Received 18th January 2019 , Accepted 20th February 2019

First published on 21st February 2019


Abstract

Covalent organic frameworks (COFs) consist of monomers arranged in predictable structures with emergent properties. However, improved crystallinity, porosity, and solution processability remain major challenges. To this end, colloidal COF nanoparticles are useful for mechanistic studies of nucleation and growth and enable advanced spectroscopy and solution processing of thin films. Here we present a general approach to synthesize imine-linked 2D COF nanoparticles and control their size by favoring imine polymerization while preventing the nucleation of new particles. The method yields uniform, crystalline, and high-surface-area particles and is applicable to several imine-linked COFs. In situ X-ray scattering experiments reveal the nucleation of amorphous polymers, which crystallize via imine exchange processes during and after particle growth, consistent with previous mechanistic studies of imine-linked COF powders. The separation of particle formation and growth processes offers control of particle size and may enable further improvements in crystallinity in the future.


Introduction

Covalent organic frameworks (COFs) are polymers with two-dimensional (2D) or three-dimensional (3D) periodic structures.1–4 Their straightforward design, thermal and chemical stability, crystallinity, and permanent porosity, show promise for applications including water purification,5,6 energy storage devices,7,8 and catalysis.9 However, methods to select and control the morphology, while achieving processability of imine-linked COFs remain underdeveloped, which precludes many of the above applications. Through empirical screening of reaction conditions, morphologies such as sea-urchin-shaped or hollow particles,10–12 core–shell structures,13,14 and tubes15 have been reported, but these structures are still isolated as insoluble microcrystalline powders, preventing further reprocessing. Developing methods to obtain COFs as thin films,16,17 few-layer structures18 and nanosized particles19,20 show promise for harnessing their structural precision for complex membranes, devices, and payload delivery.

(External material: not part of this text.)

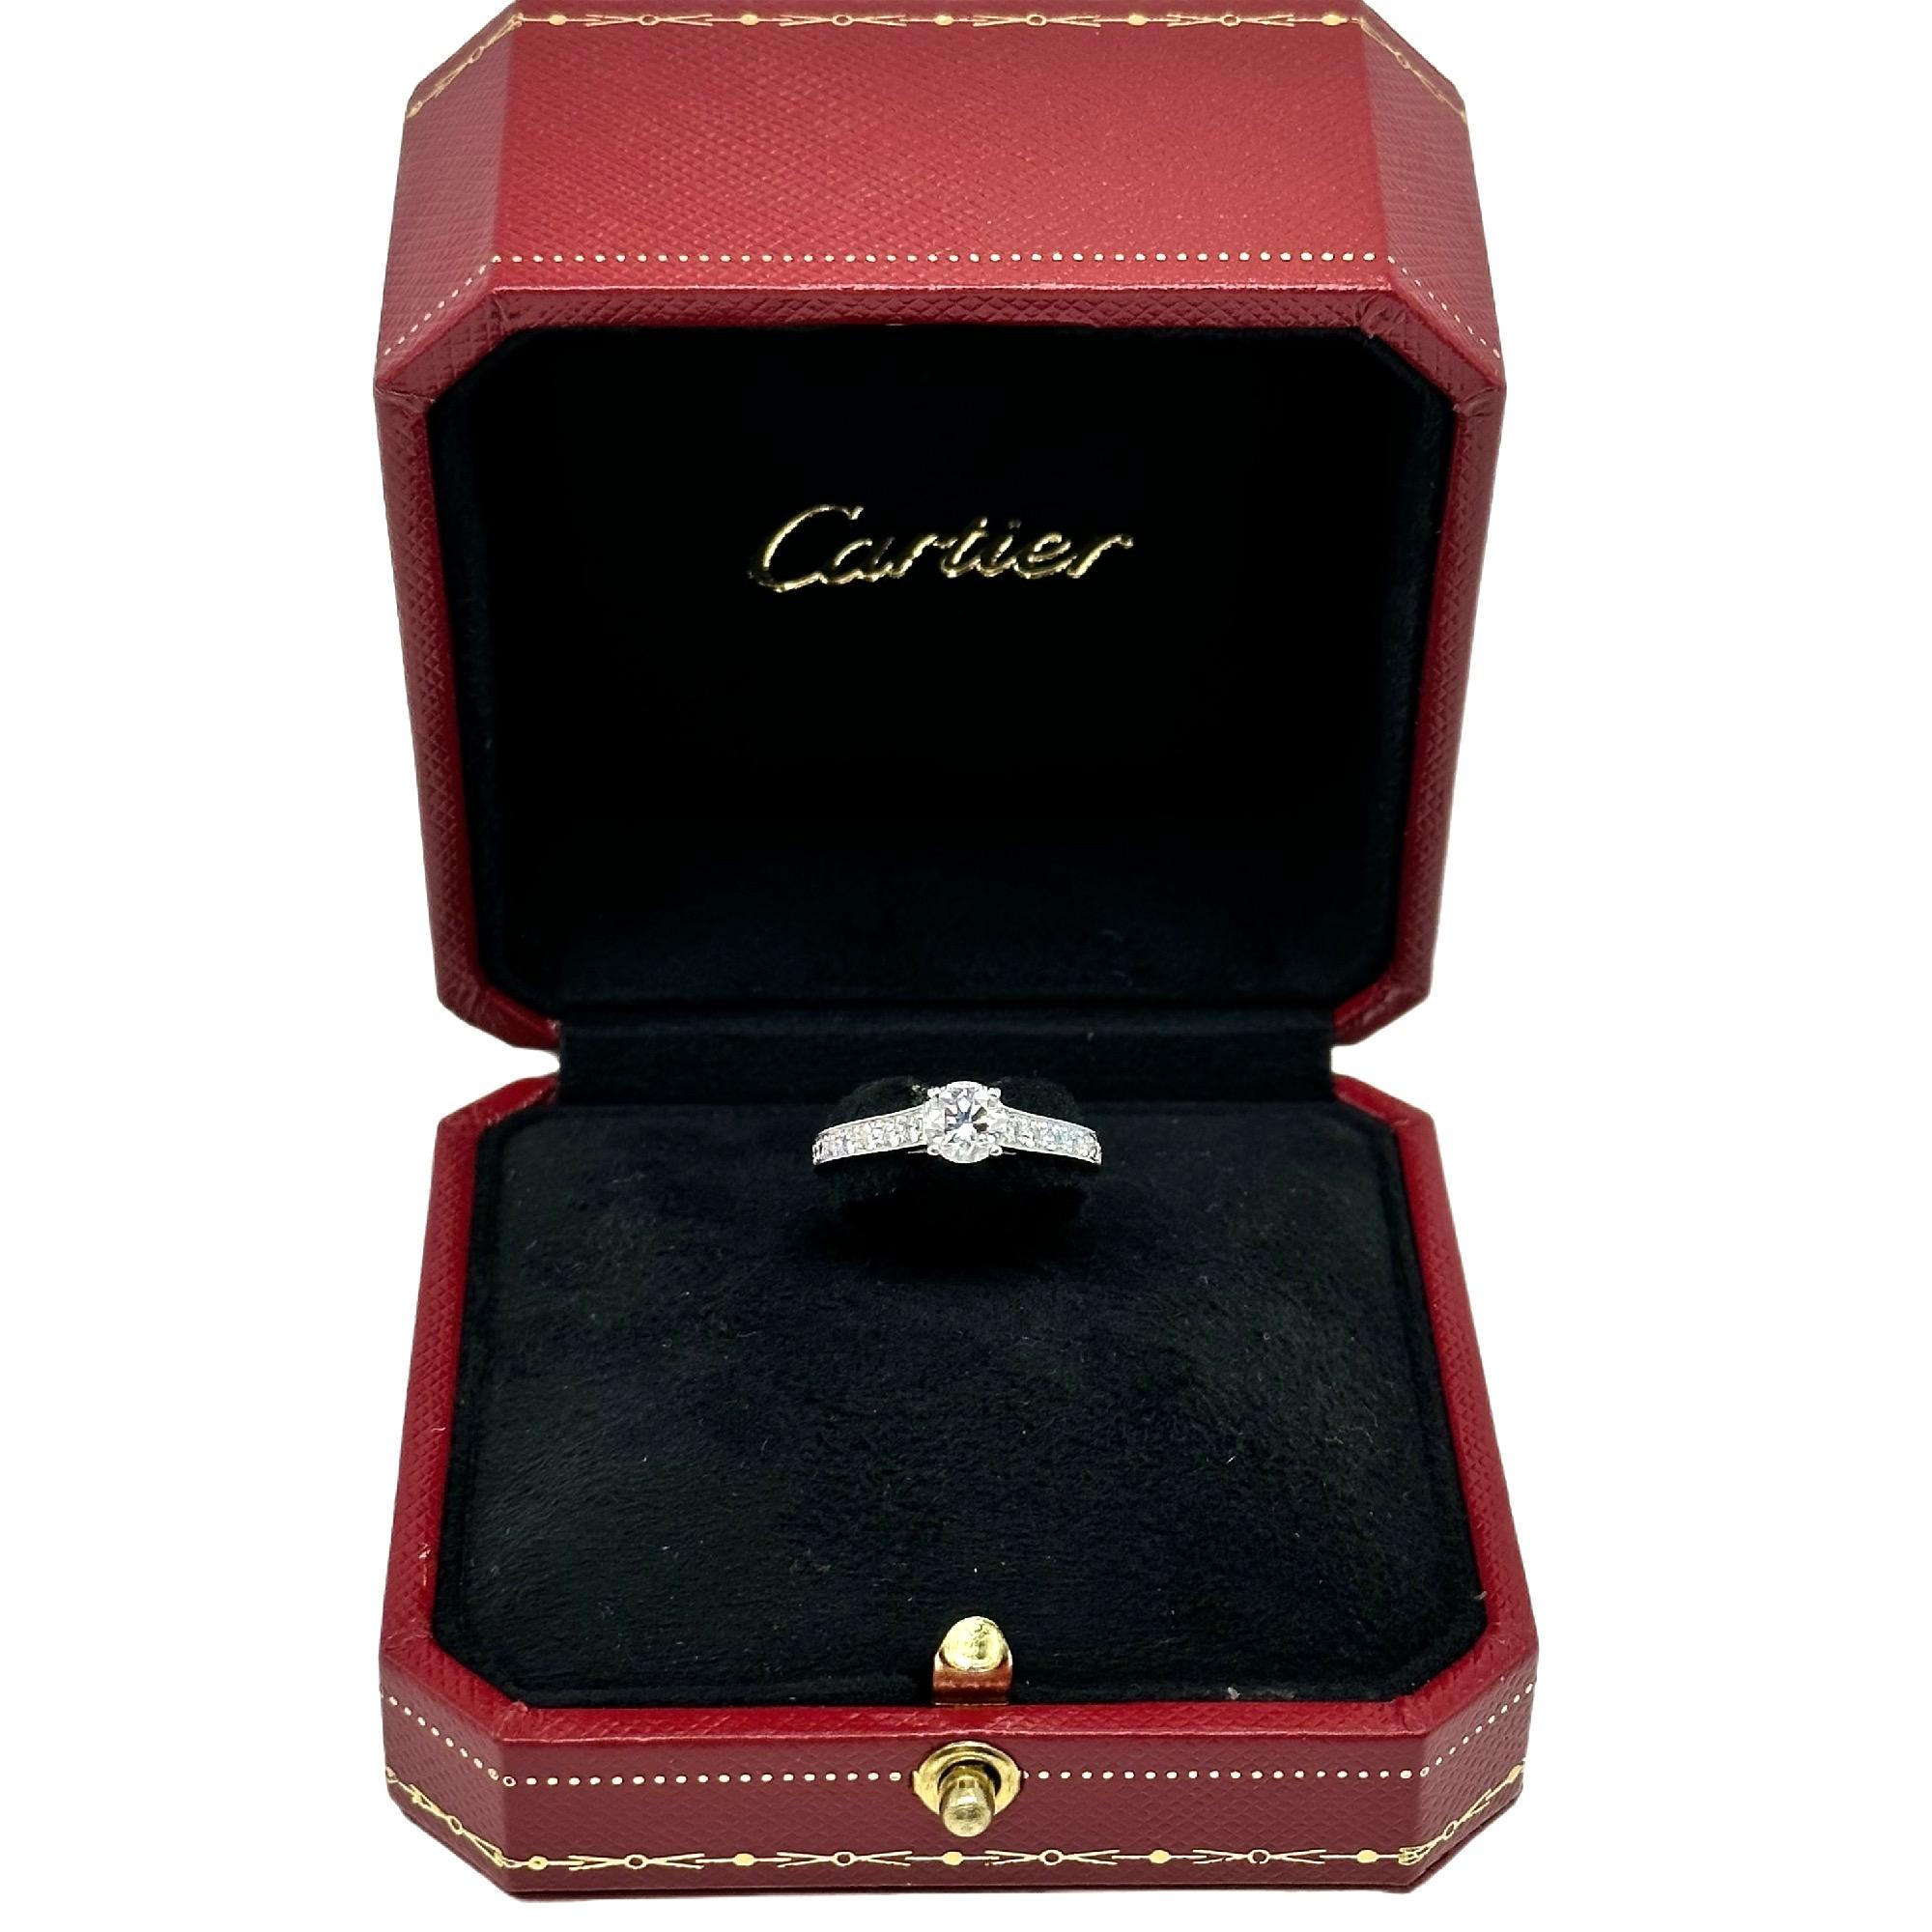 Cartier 1895 Round Diamond 0.88 tcw Engagement Ring in Platinum GIA COA Box For Sale 1

Colloidal COF nanoparticles are solution processable and amenable for in situ techniques to study their formation.19 Previously, we established nucleation and elongation growth regimes for boronate ester-linked 2D COF colloids by introducing monomers at different rates, which enabled the growth of single-crystal 2D COFs.20 COFs linked by imines and β-ketoenamines were reported as solution-stable suspensions more recently,21,22 and properties related to photothermal conversion,23 catalysis24 and chromatographic separations25 were explored. The promise of this form and its connection with controlling morphology and materials quality motivate the present study, in which we report solution-stable, imine-linked COF colloids without the need for templates or additives. The method produces high quality COF particles with uniform sizes and shapes and is shown to be general across three structures. Furthermore, we developed a seeded growth methodology derived from classical nucleation theory and inspired by boronate-ester COF studies that provided systematic size control.20In situ analysis of the size and crystallinity indicates that crystallization occurs more slowly than particle growth, which is consistent with previous mechanistic studies of imine-linked COF powders.26 This study of COF colloid formation probes mechanistic questions that are difficult to address when studying bulk powder samples and enables size and shape control for the first time.

Results and discussion

The condensation of 1,3,5-tris(4-aminophenyl)benzene (TAPB) and terephthaldehyde (PDA) in the presence of a transimination catalyst Sc(OTf)3[thin space (1/6-em)]27 provides the TAPB–PDA COF, which was previously isolated as a polycrystalline, insoluble powder when prepared in a 4[thin space (1/6-em)]:[thin space (1/6-em)]1 mixture of 1,4-dioxane[thin space (1/6-em)]:[thin space (1/6-em)]mesitylene.28 When the polymerization was conducted in MeCN, a stable colloidal suspension of TAPB–PDA COF nanoparticles was obtained instead (Fig. 1a). The crystallinity of the colloids dispersed in their growth solvent was characterized using wide-angle X-ray scattering (WAXS) with peaks observed at q = 0.20, 0.35, and 0.40 Å−1, corresponding to the (100), (110), and (200) Bragg diffraction peaks, respectively, consistent with previously reported diffraction patterns.28 0.16 equivalents of Sc(OTf)3 per amine functional group provided the most crystalline materials as determined by the increased intensity and reduced full-width-at-half-max (FWHM) of the (100) Bragg diffraction peak (Fig. S1). Dynamic light scattering (DLS) of these colloids provided an average diameter of 360 nm and a polydispersity less than 0.2 (Fig. S2), which was consistent with atomic force microscopy (AFM) of drop-cast solutions which showed uniform particle height (Fig. S3). Scanning electron microscopy (SEM) images revealed that these particles are spherical with rough surfaces (Fig. 1b and c). Transmission electron microscopy (TEM) images showed the dense stacking of sheet-like structures (Fig. 1d). Collectively, these diffraction and microscopy experiments demonstrate that crystalline COF nanoparticles with well-defined shape and size are formed and stabilized when prepared in MeCN.
image file: c9sc00289h-f1.tif
Fig. 1 (a) Synthesis of imine-linked COFs with a typical solvent mixture of 4[thin space (1/6-em)]:[thin space (1/6-em)]1 1,4-dioxane[thin space (1/6-em)]:[thin space (1/6-em)]mesitylene yields insoluble polycrystalline precipitates, whereas MeCN produces stable colloidal suspensions. (b) SEM of drop-cast as synthesized colloidal suspensions (c) higher magnification SEM. (d) TEM of an individual COF nanoparticle.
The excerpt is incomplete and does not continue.